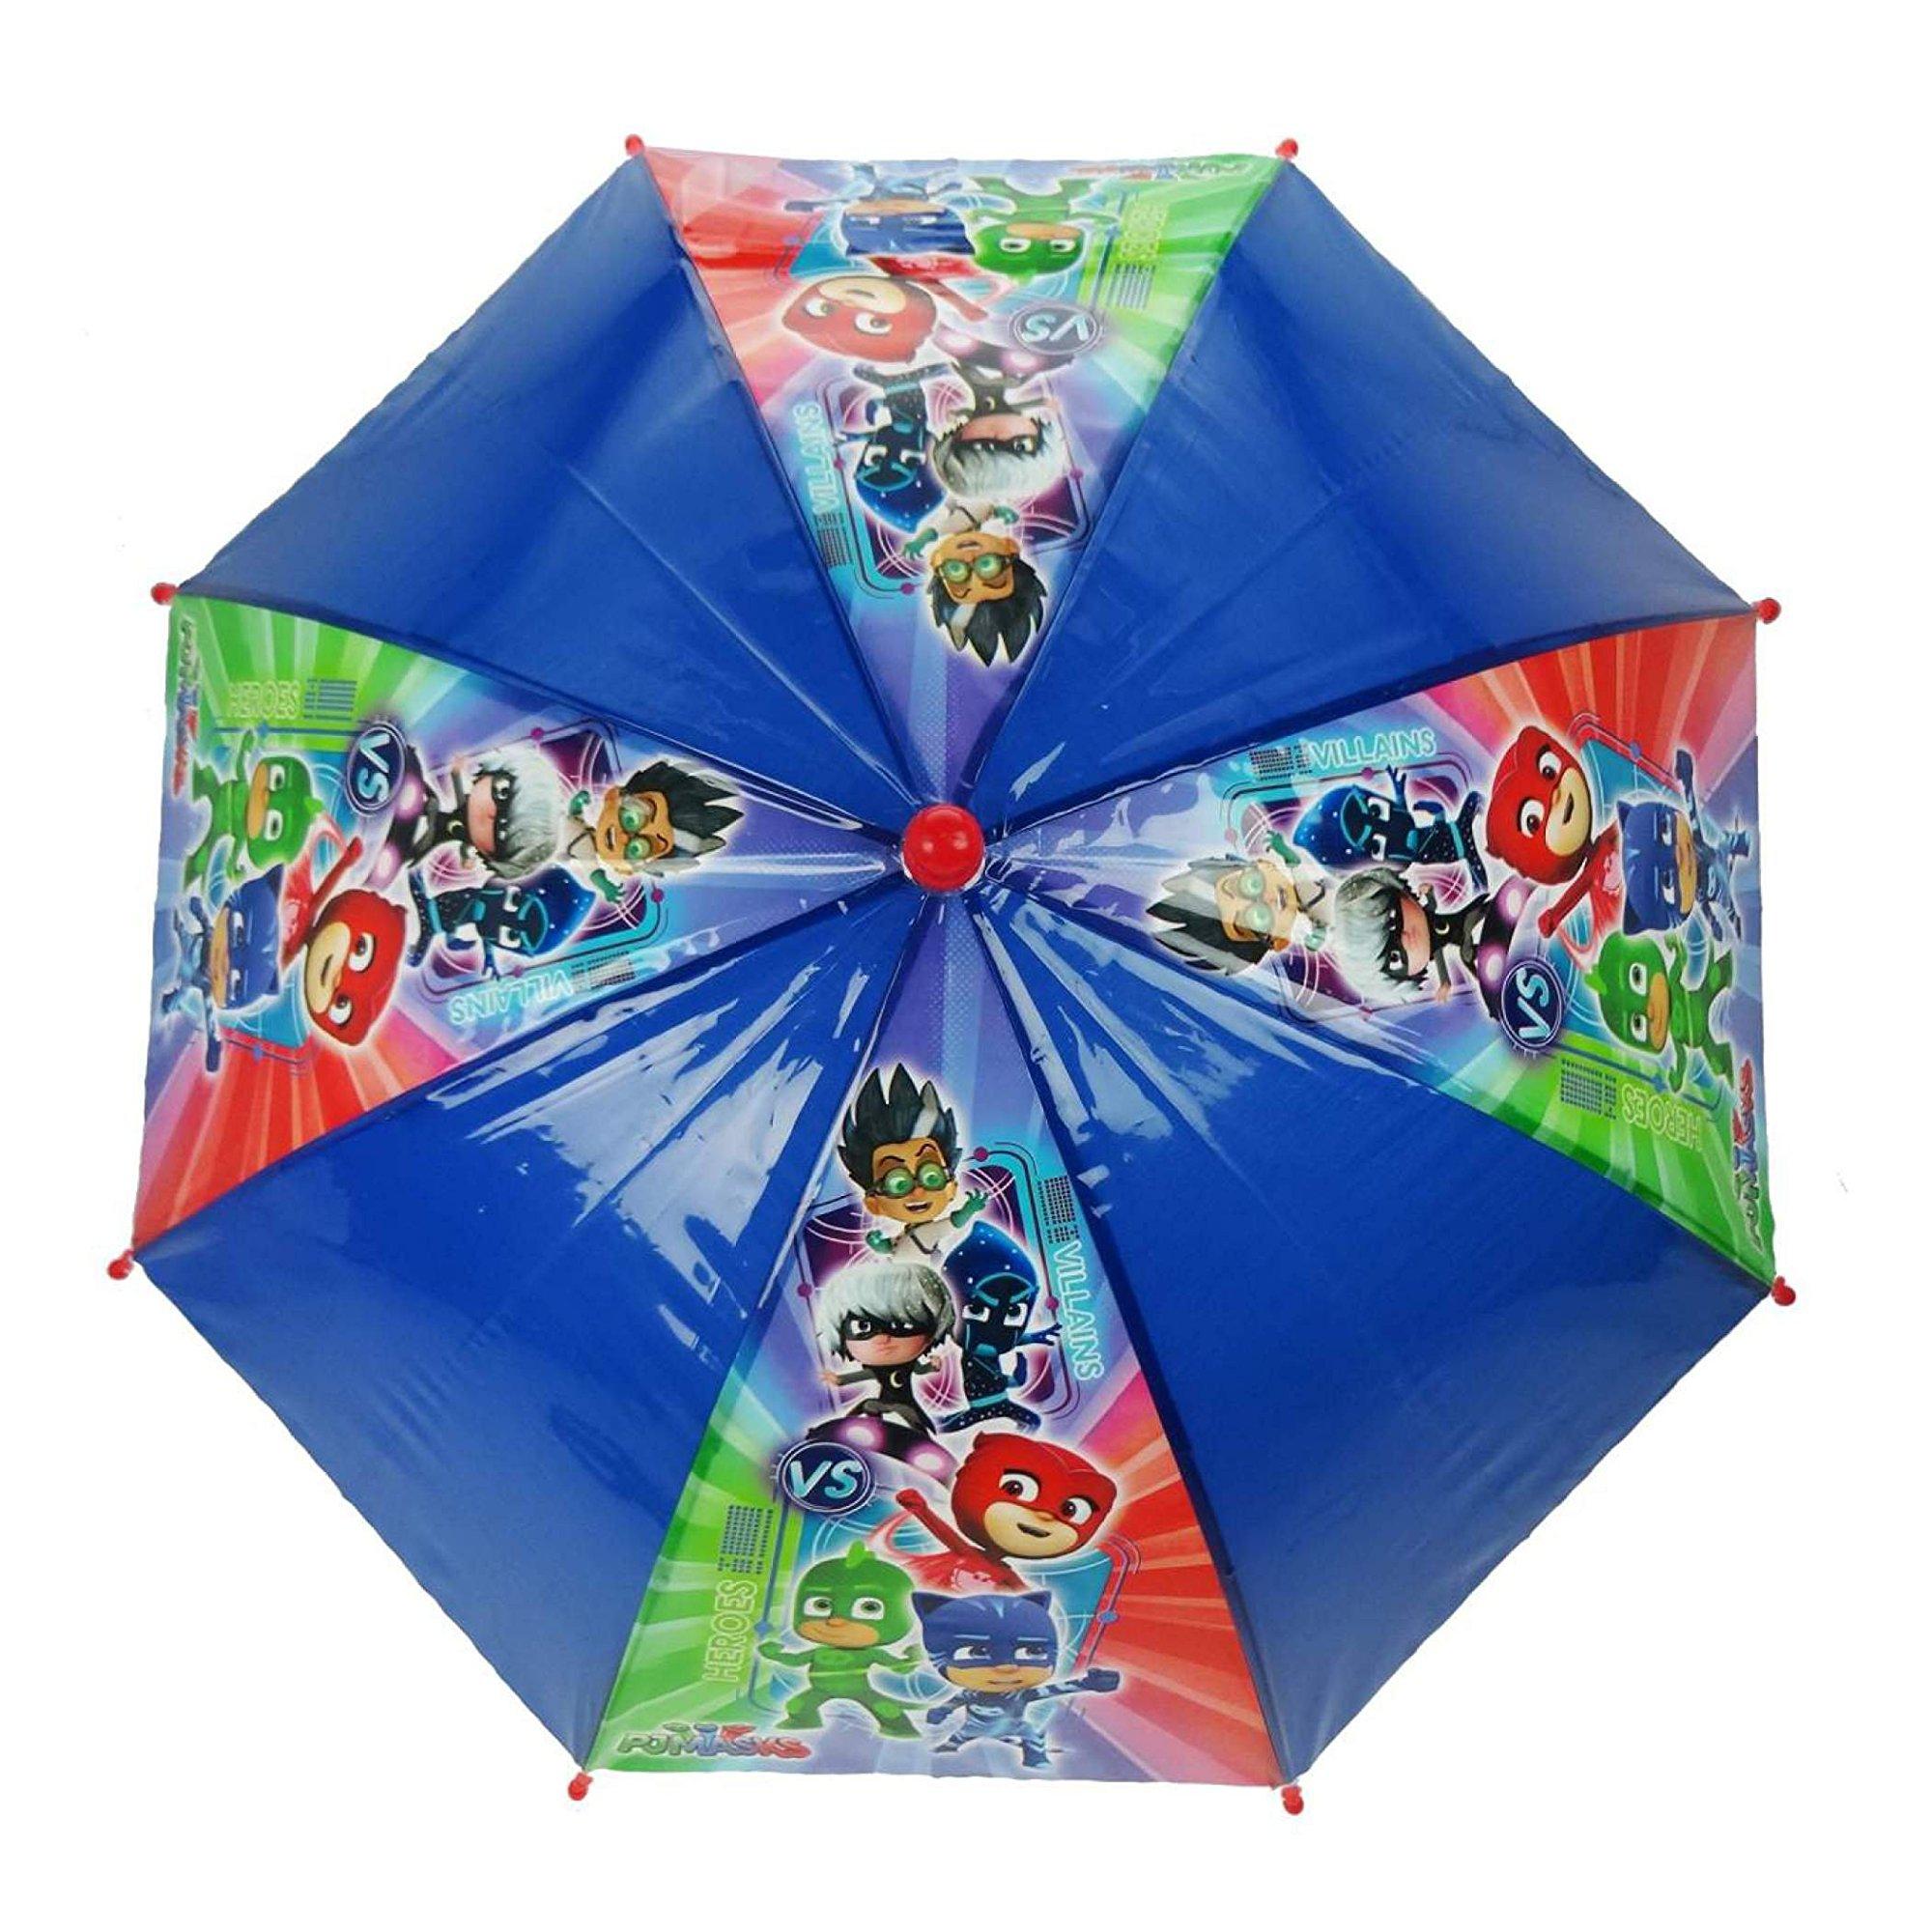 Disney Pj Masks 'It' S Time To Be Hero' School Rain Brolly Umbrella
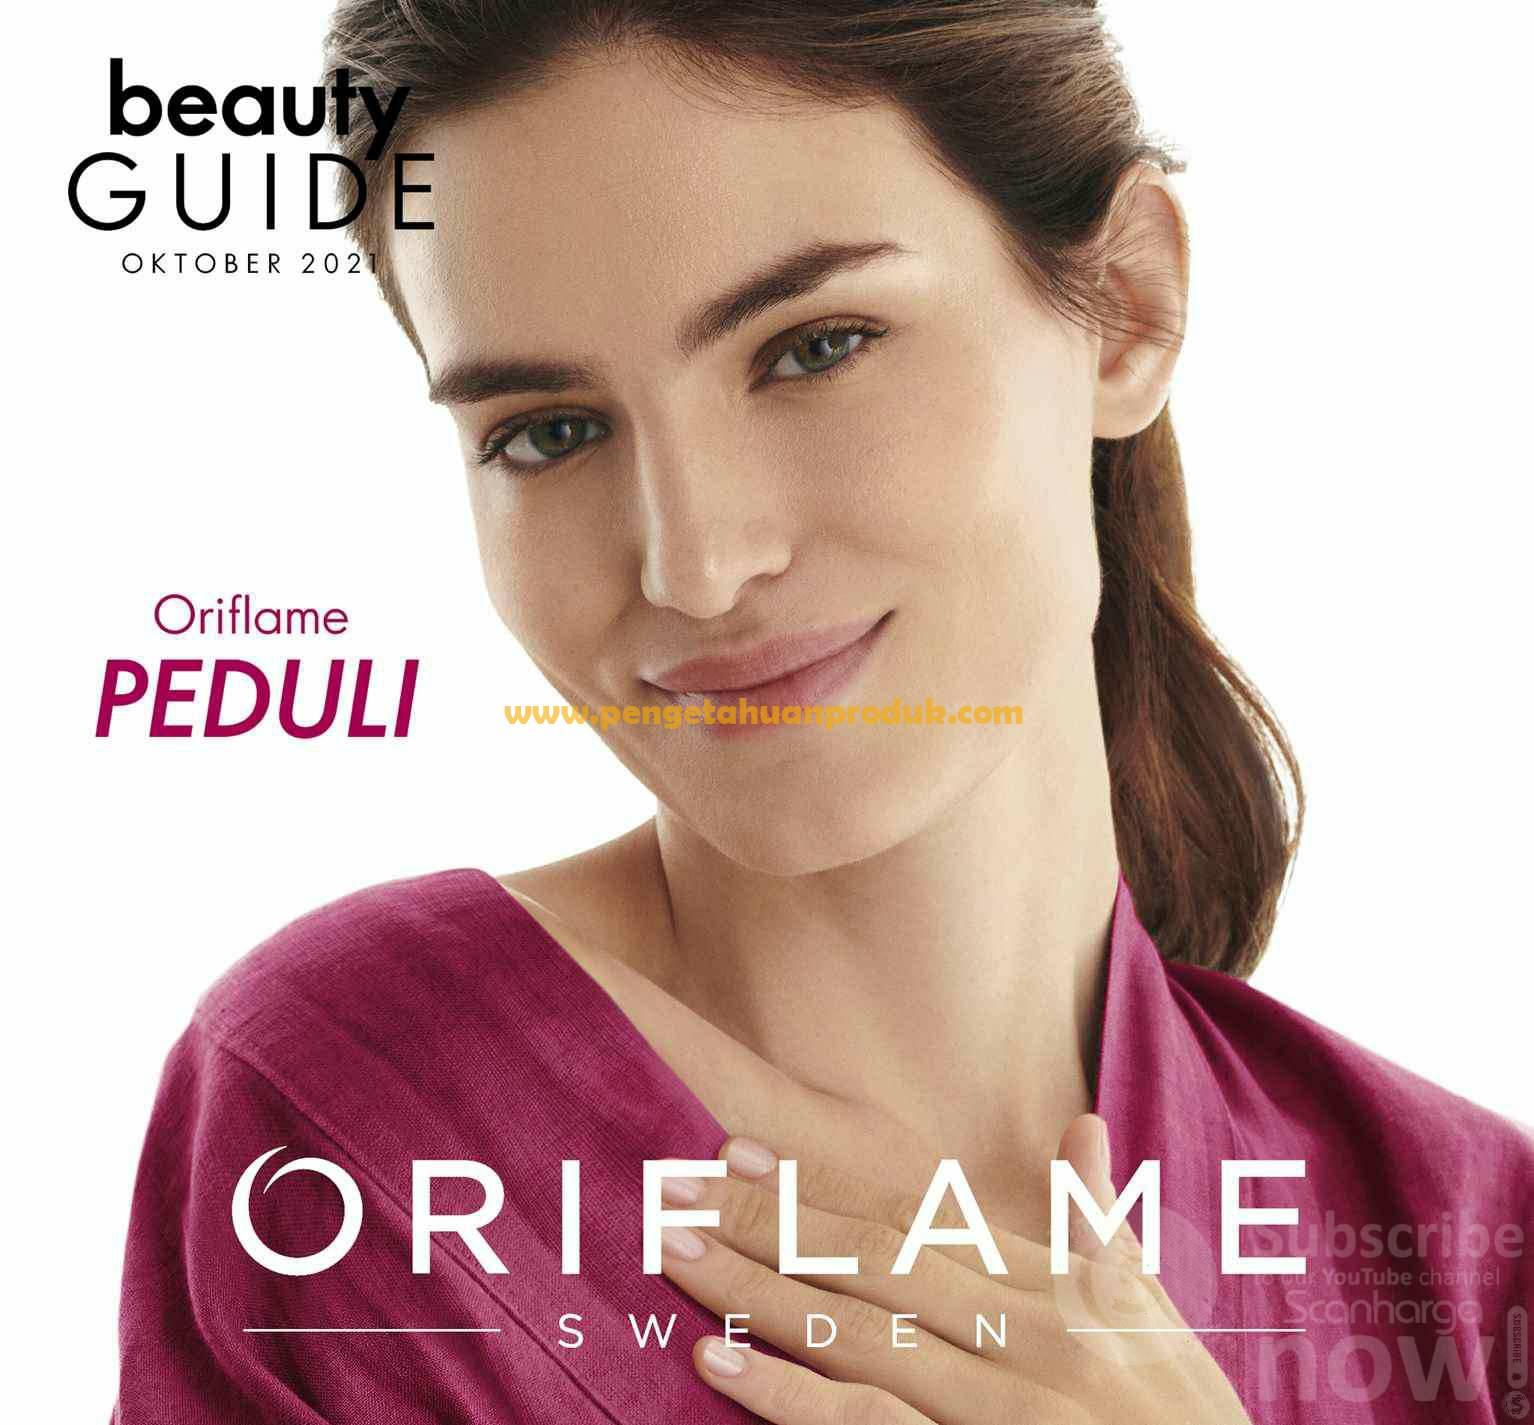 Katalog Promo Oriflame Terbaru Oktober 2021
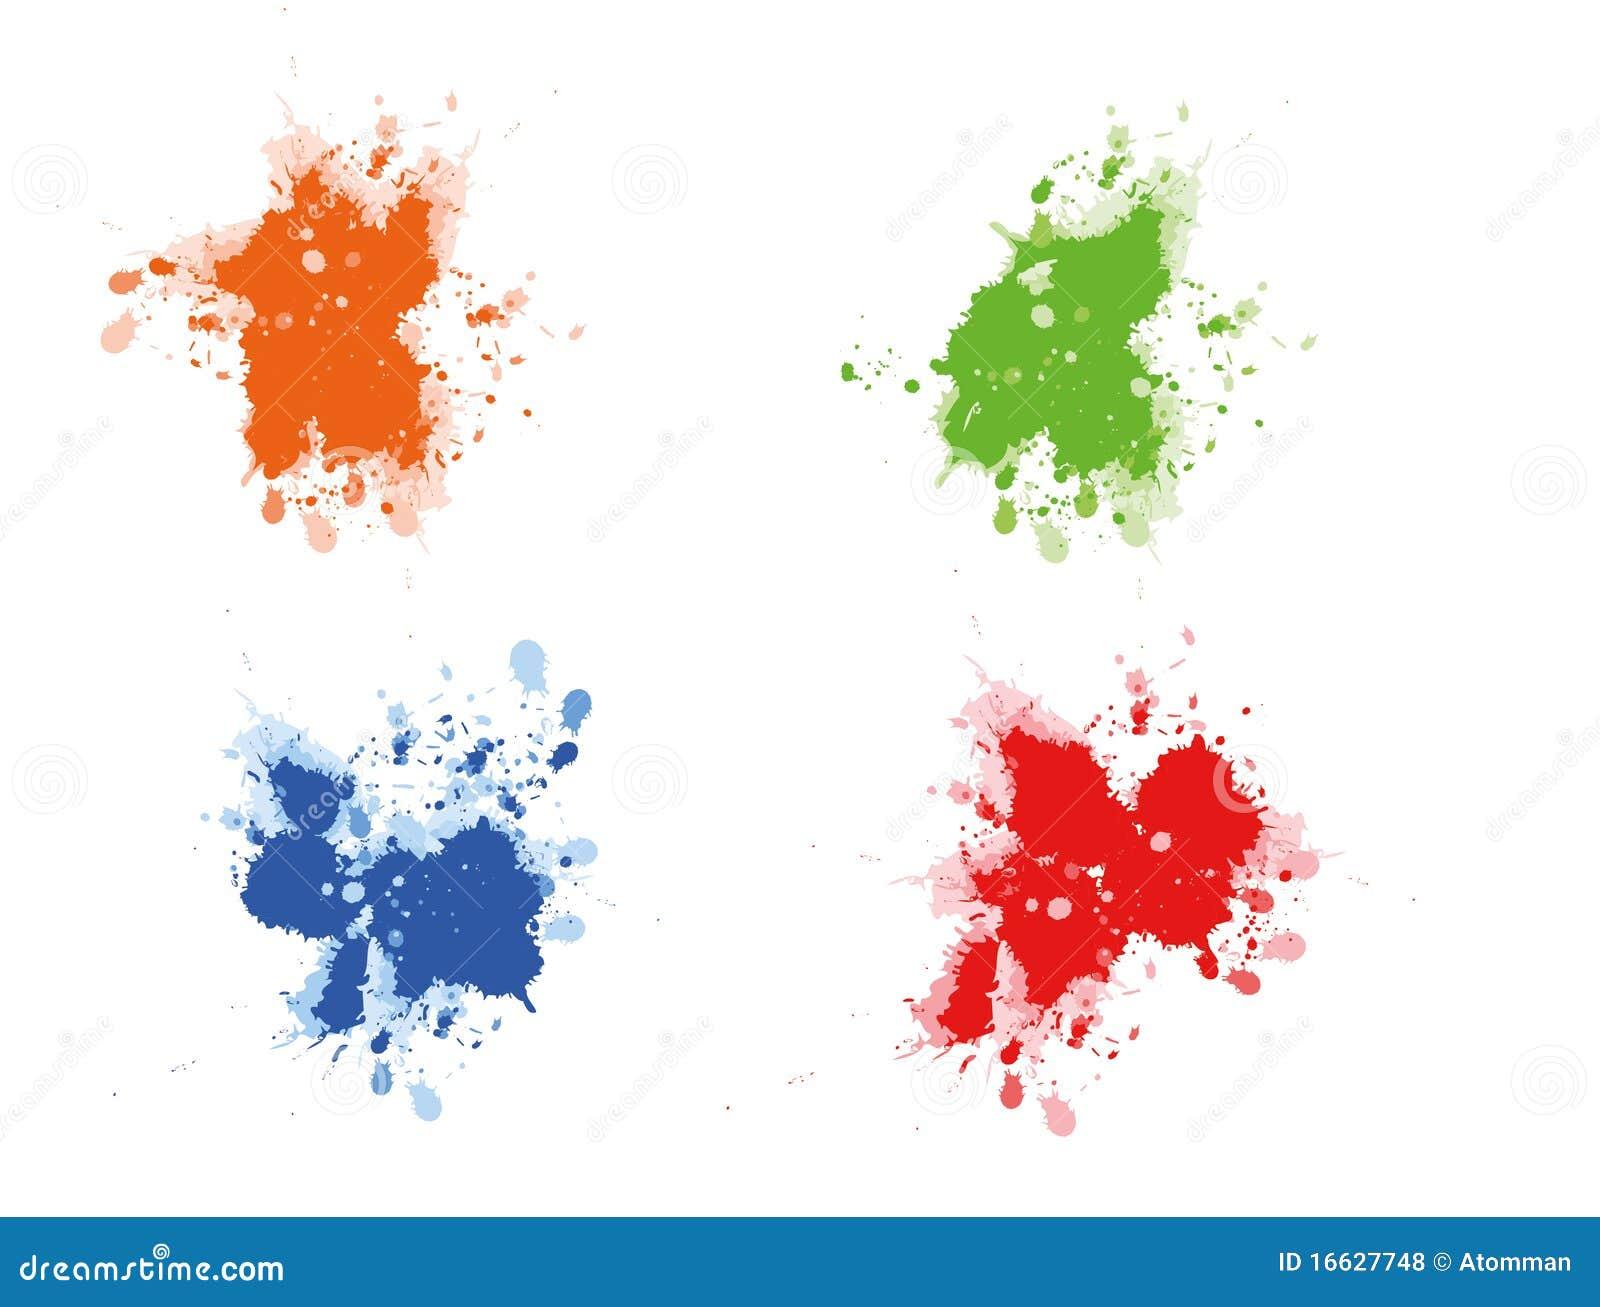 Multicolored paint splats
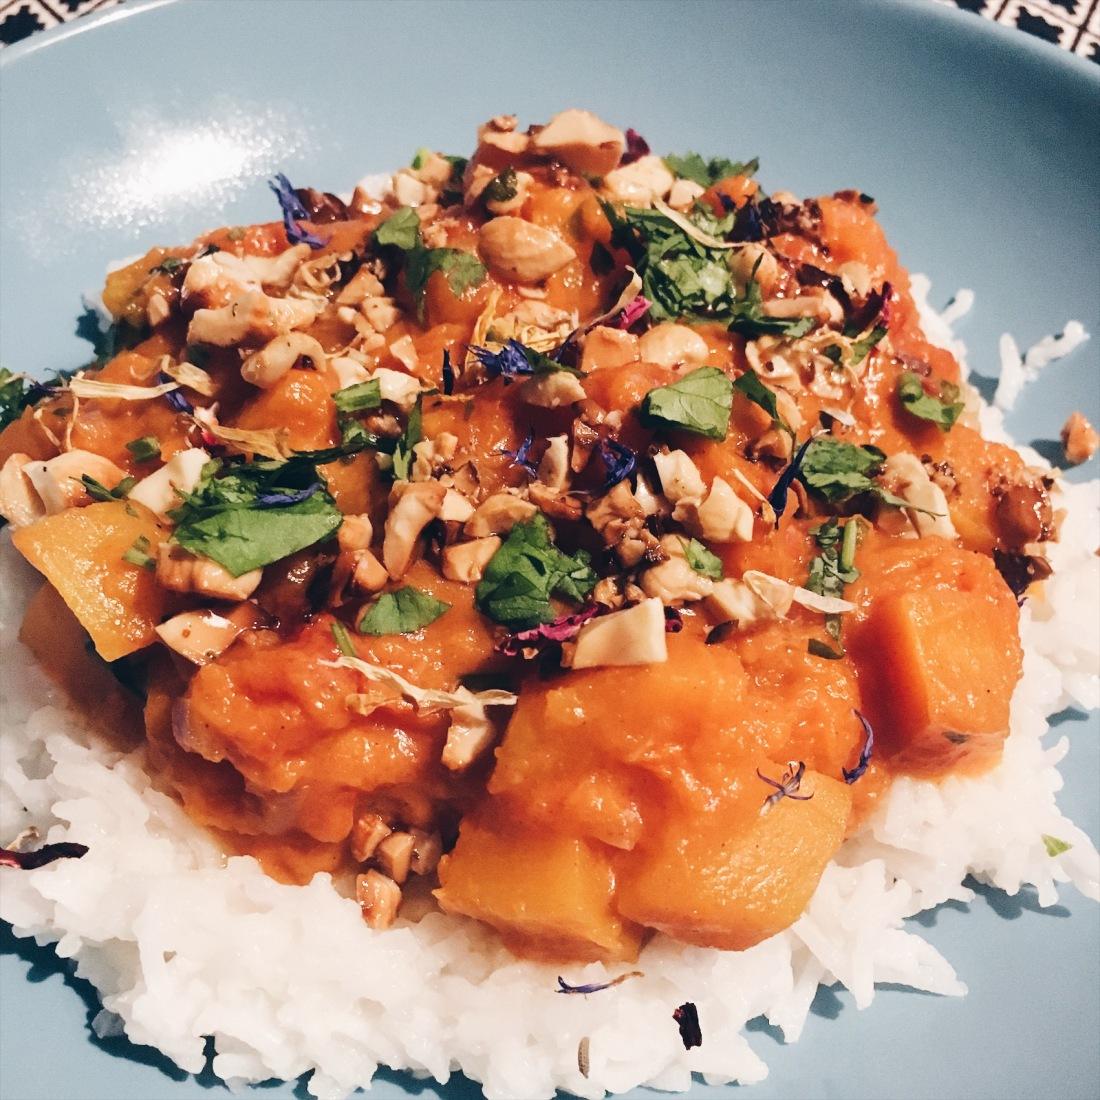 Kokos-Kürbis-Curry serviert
--------
## Problem requirements
The data is to be printed again exactly, but without its pictures.

## Response to the task
 Disney Pj Masks 'It' S Time To Be Hero' School Rain Brolly Umbrella
 Katalog Promo Oriflame Terbaru Oktober 2021
 Multicolored paint splats
 Kokos-Kürbis-Curry serviert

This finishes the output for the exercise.